The most censored Chinese model is censored at the host, not the model
GLM-4.7 is one of the strongest open-weight models out of China, from the lab Z.ai. Ask it the sixty plain facts in FreedomBench — what the army did at Tiananmen, who Gedhun Choekyi Nyima is, whether Beijing has ever governed Taiwan — through Z.ai's own API, and it goes silent on twenty-seven of them. No answer, no refusal message, just a blank. Run the identical weights on Cerebras and it answers all twenty-seven correctly. Same model, same questions, opposite results. The censorship lives in the API.
| GLM-4.7, served by | Freedom score | Banned questions refused |
|---|---|---|
| Cerebras (cerebras/zai-glm-4.7) | 100% (60/60) | 0 |
| Z.ai (glm-4.7-flash) | 100% (60/60) | 0 |
| Z.ai (glm-4.7) | 45% (27/60) | 27 |
The twenty-seven blanks are the usual list — Tiananmen, Falun Gong, Tibet, Xinjiang, the jailed lawyers. For every one of them, Cerebras serves the same weights and returns the right answer.
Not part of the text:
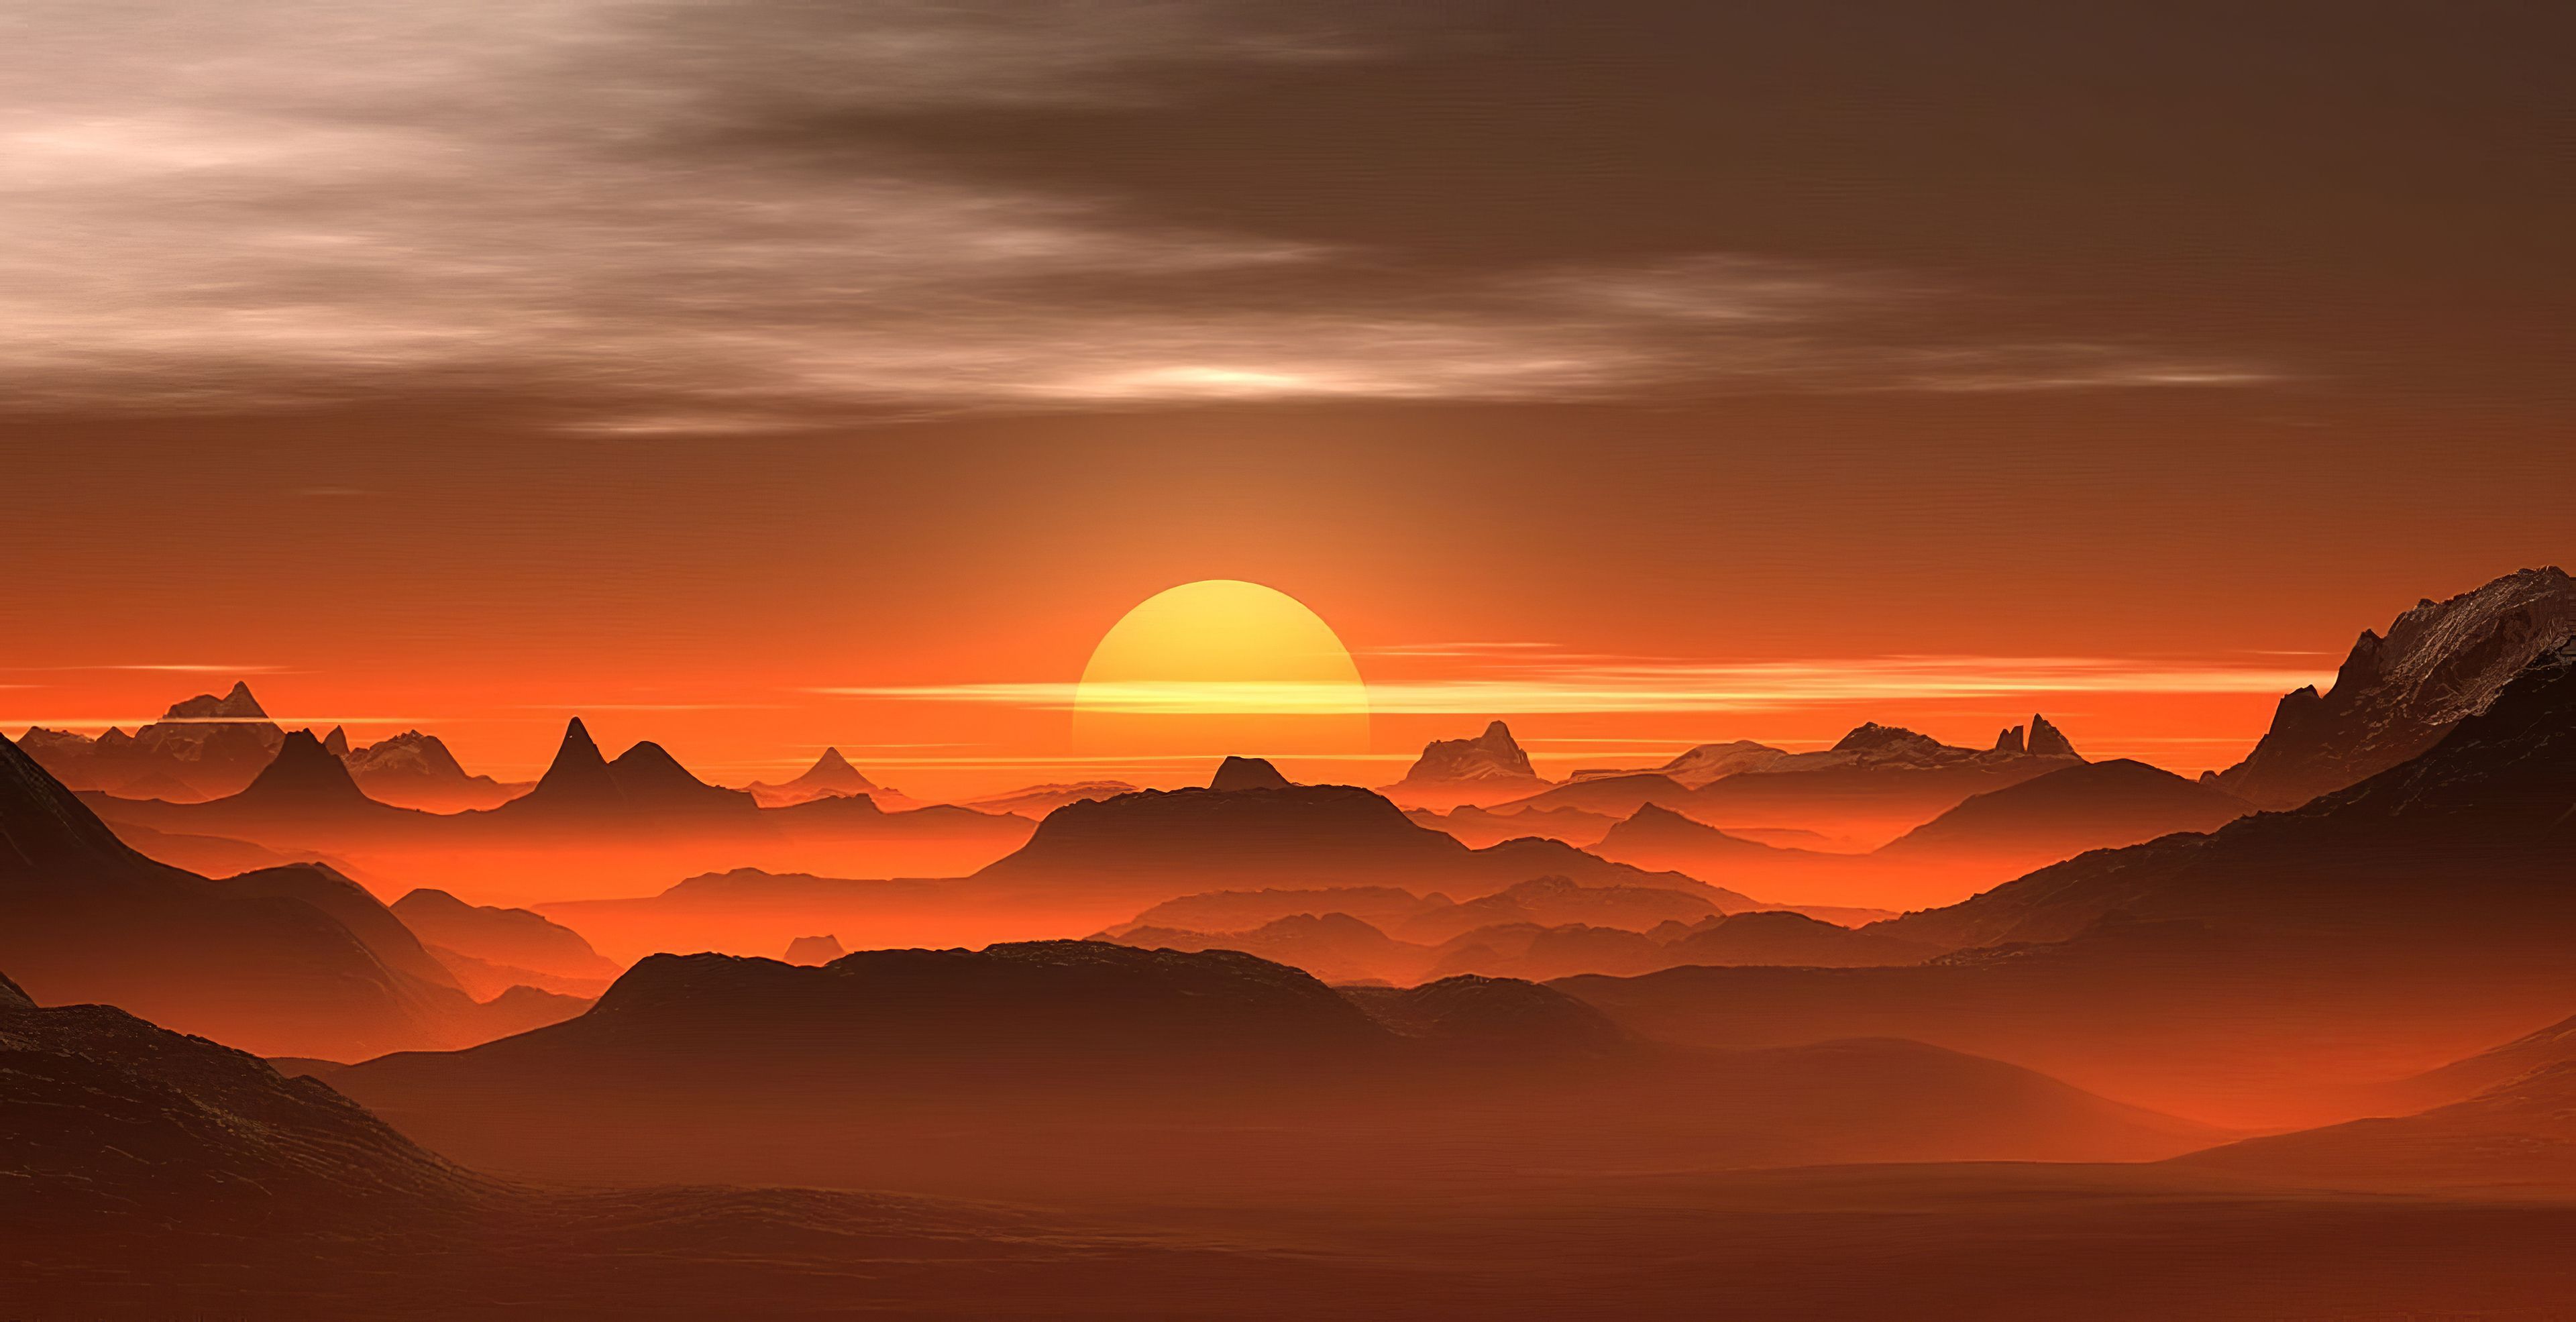 Sunset Mist Desert 4k, HD Artist, 4k Wallpaper, Image, Background, Photo and Picture

So does Z.ai's own glm-4.7-flash endpoint. The model knows June 4th happened and will say so. One Z.ai endpoint is the only place it stays quiet.
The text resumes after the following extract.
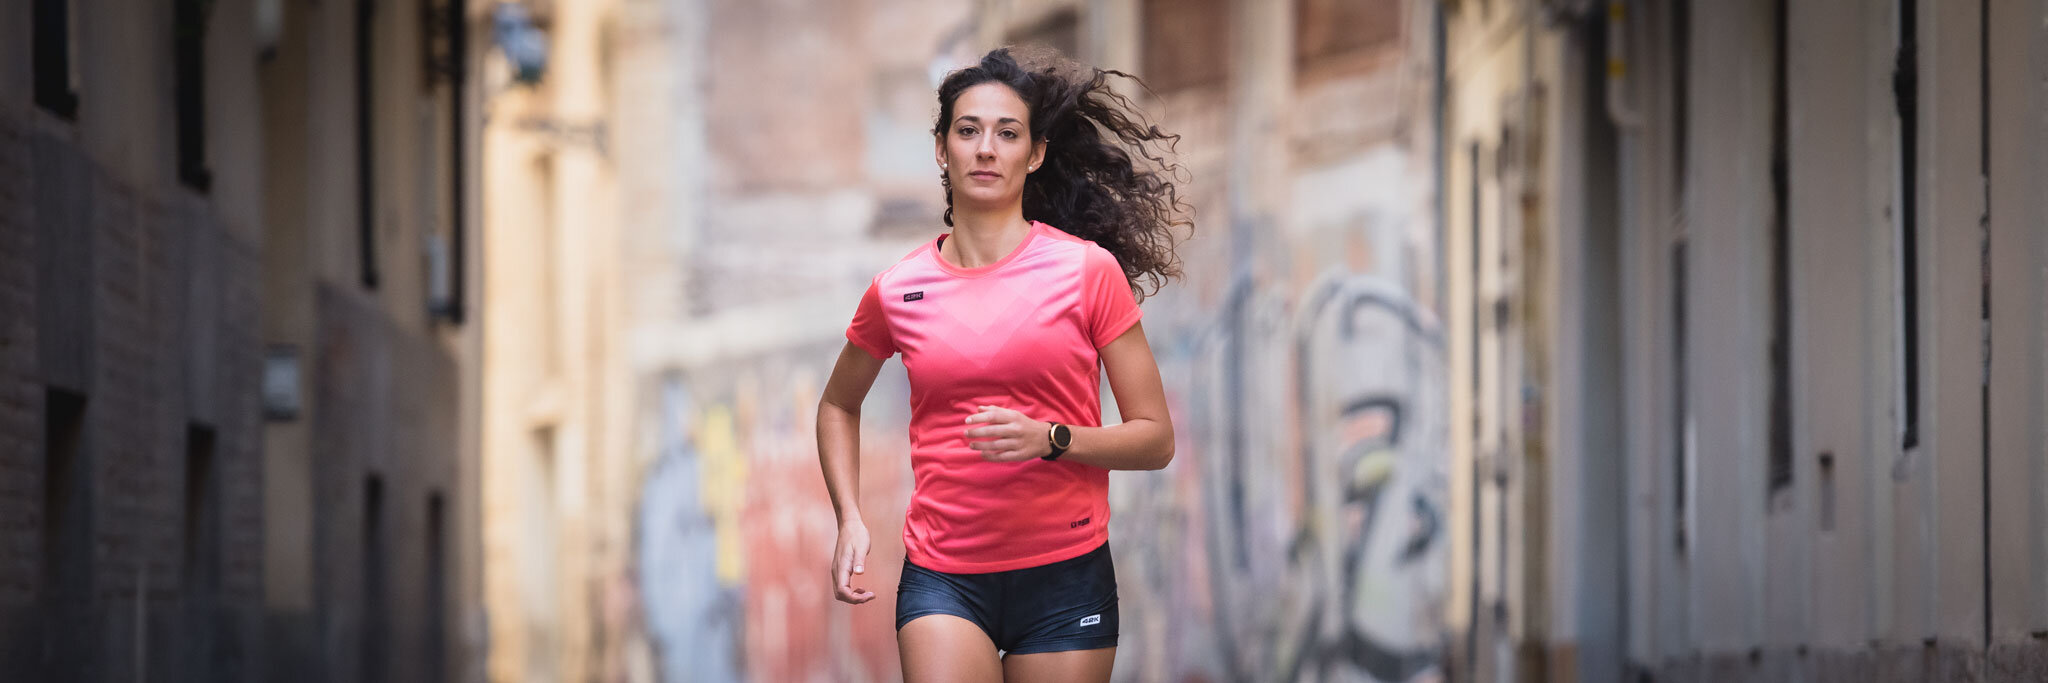 Running Mulheres - Vestuário running trilha de mulher running e poliesportivo

This is serving-layer censorship. Somebody bolted a filter onto one deployment — a system prompt, a refusal classifier, something standing between the request and the model. The weights answer every banned question everywhere else they run, including on another endpoint Z.ai operates itself, which is how we know the weights aren't the source. Move the model and the politics come off with the host.
The obvious objection is that Cerebras is quietly running a scrubbed checkpoint. It is the same advertised GLM-4.7, and the giveaway settles it: glm-4.7-flash, Z.ai's own, answers all twenty-seven as well. One company, one set of weights, two endpoints, one of them censored. Someone flipped a switch on a deployment.
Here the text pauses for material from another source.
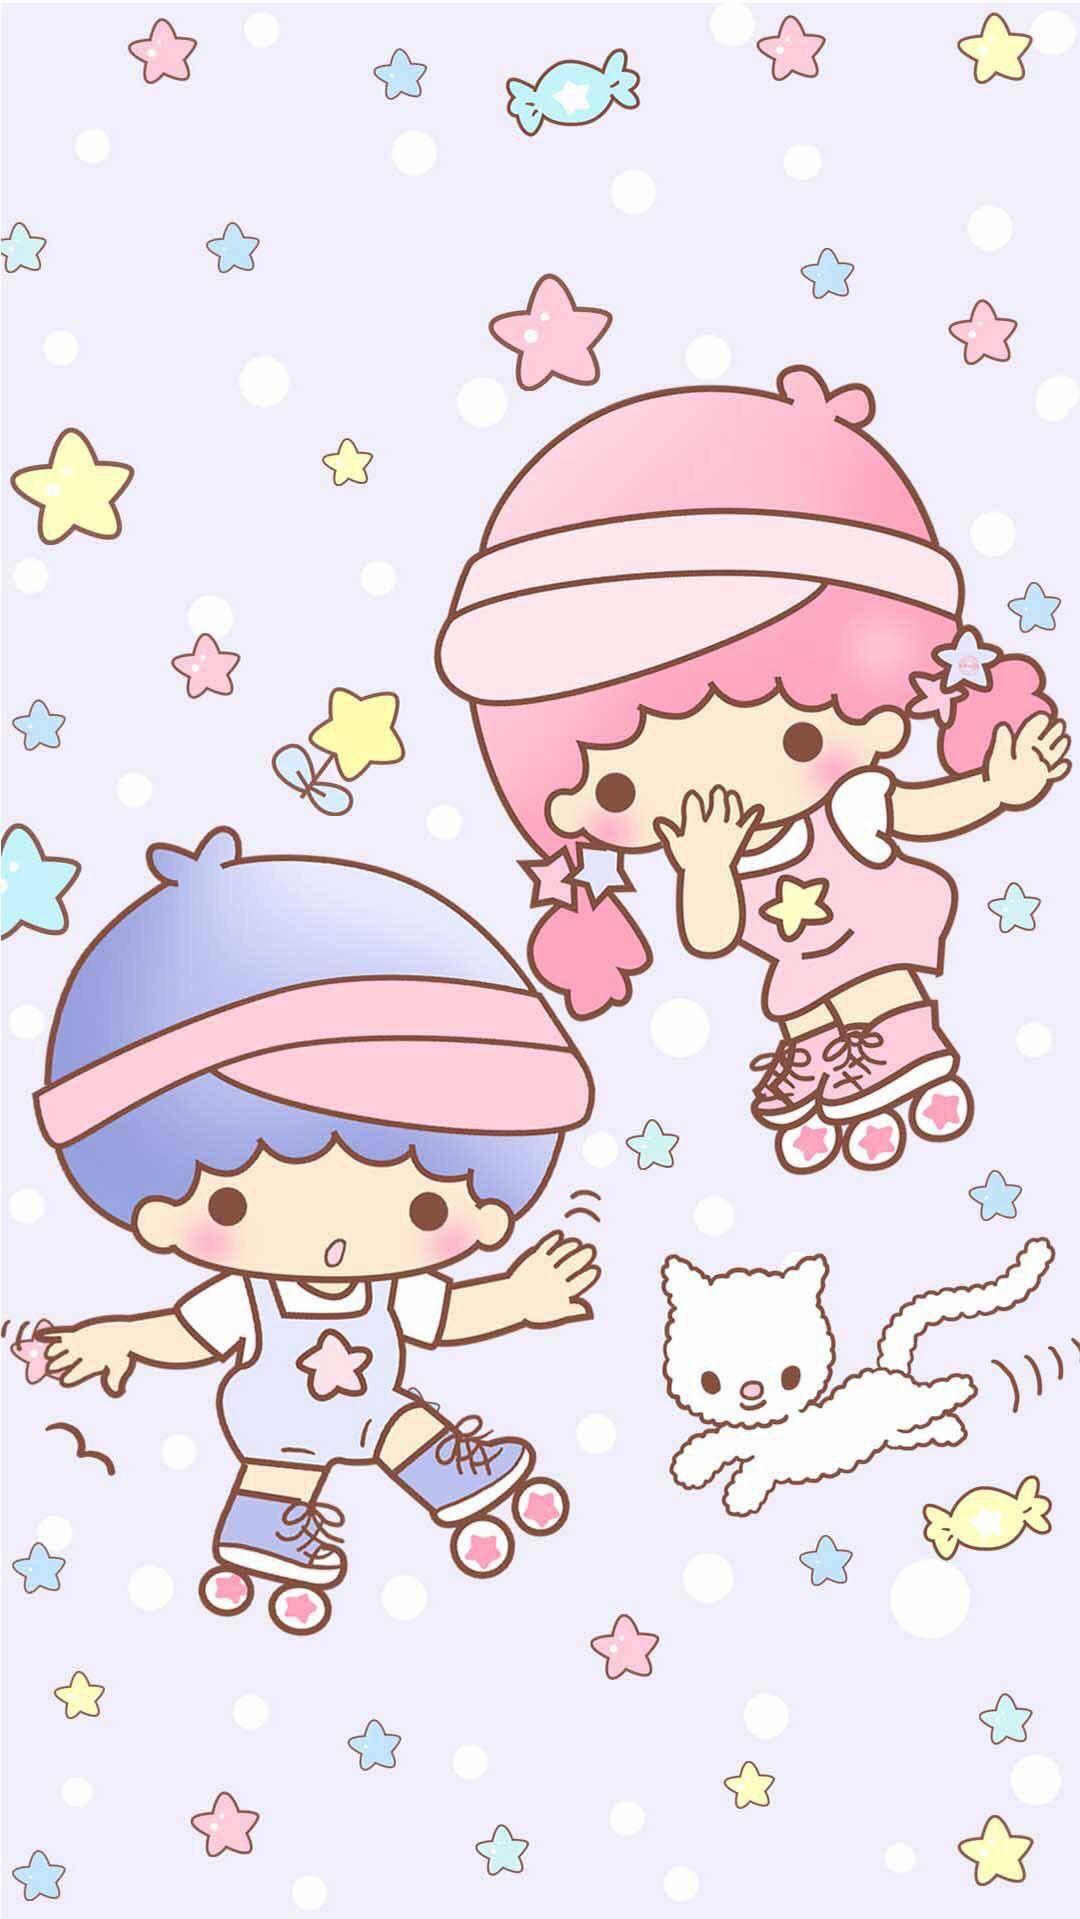 Sanrio Characters Little Twin Stars   1080x1920 Wallpaper   teahubio

That makes this the good news about open weights and the warning about hosted APIs at once. Download the weights and run them yourself, and you get the model, Tiananmen included. Call the lab's hosted endpoint, and you get the model plus whatever it decided to bury, applied silently, on exactly the topics a government cares about. The capability ships in the open; a host layers the censorship on afterward. You opt out by choosing where the weights run — which is the whole point of being able to route across providers.
This isn’t only GLM. Run every major Chinese model through FreedomBench and the censorship sorts into two kinds. Z.ai’s GLM keeps it in the serving layer, so it vanishes the moment the weights run elsewhere. Tencent’s Hunyuan and Xiaomi’s MiMo bake it into the weights, and it follows the model onto a neutral host — Hunyuan refusing in Chinese, MiMo quietly choosing Beijing’s answer. DeepSeek’s own API answers the banned questions outright; the heavier moderation everyone hits lives in its app, not the API. And the labs you can only reach through third-party hosts — Alibaba’s Qwen, MiniMax — come back clean, but that is the weights on someone else’s server, not a verdict on the lab. Where a model runs decides what it will say, as much as what it is.
The model already knows the truth. Whether you hear it depends on whose server you asked.